A dish available in Penang, KL, Singapore, and, not surprisingly, Taiwan.
蠔煎 O-CHIAN
[蠔仔煎蛋 HOU-CHAI JIN-DAAN]
A dozen large fresh oysters, shucked.
Two TBS rice flour.
One TBS cornflour.
Half a cup (eight TBS) water.
Three cloves garlic, minced.
Three eggs, beaten.
One TBS sherry or rice wine.
One TBS soy sauce (regular or ketjap manis).
Generous pinch of ground white pepper.
Some minced chives and cilantro.
Oil.
Rinse the oysters in cold water, making sure to remove all shell fragments, and pat dry. Beat the eggs with the white pepper sprinkled in.
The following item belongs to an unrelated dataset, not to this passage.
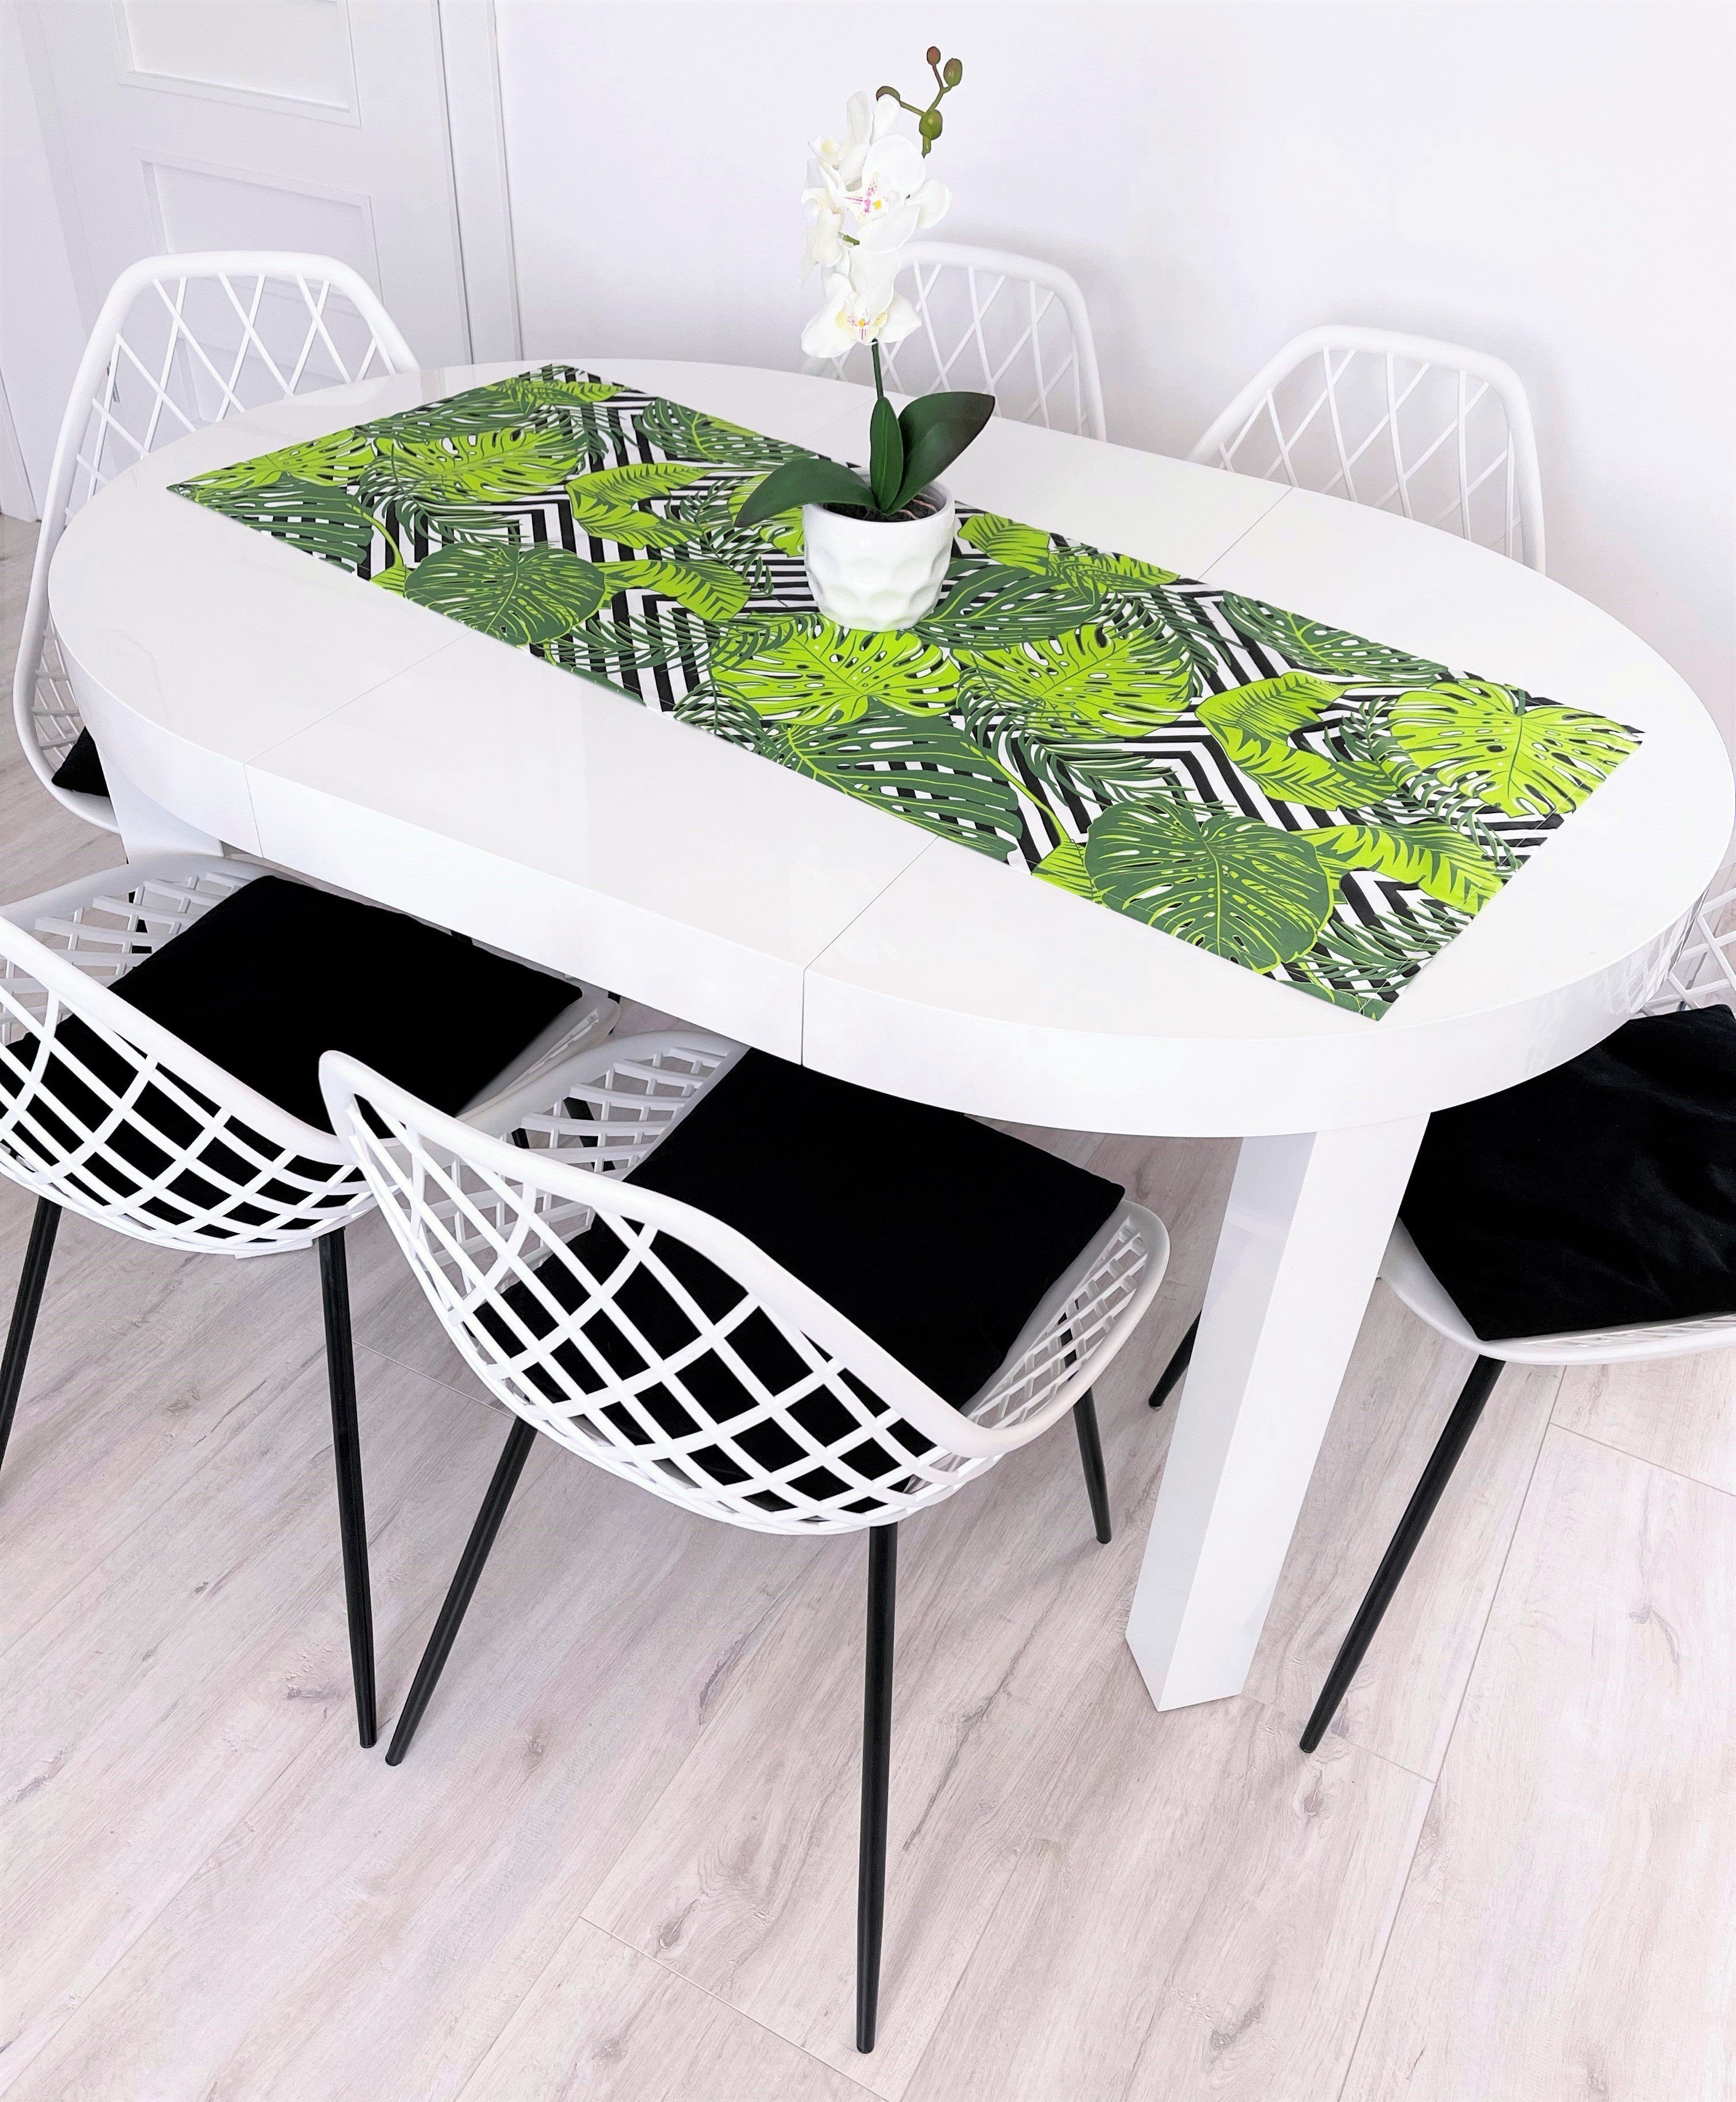 Maßen Tischlaeufer Baumwolle RoKo-Textilien Tischläufer gedeckter verfügbar Tischläufer in Tischdecke 18 100% Tisch

Mix cornflour and rice flour, pour in the water slowly while stirring to make a fairly thin batter. Gild the garlic in your skillet add the rice wine to seethe, and remove to a small plate. Add more oil to the pan, and when it's hot, pour in the thin batter and cook briefly till half set before adding the beaten eggs. When the omelette is semi-firmed but still deliquescious, add the oysters and garlic, drizzle the soy sauce over, and loosen the omelette with a spatula. Cook a few seconds longer, then garnish liberally with the minced chives and cilantro, and decant to a plate.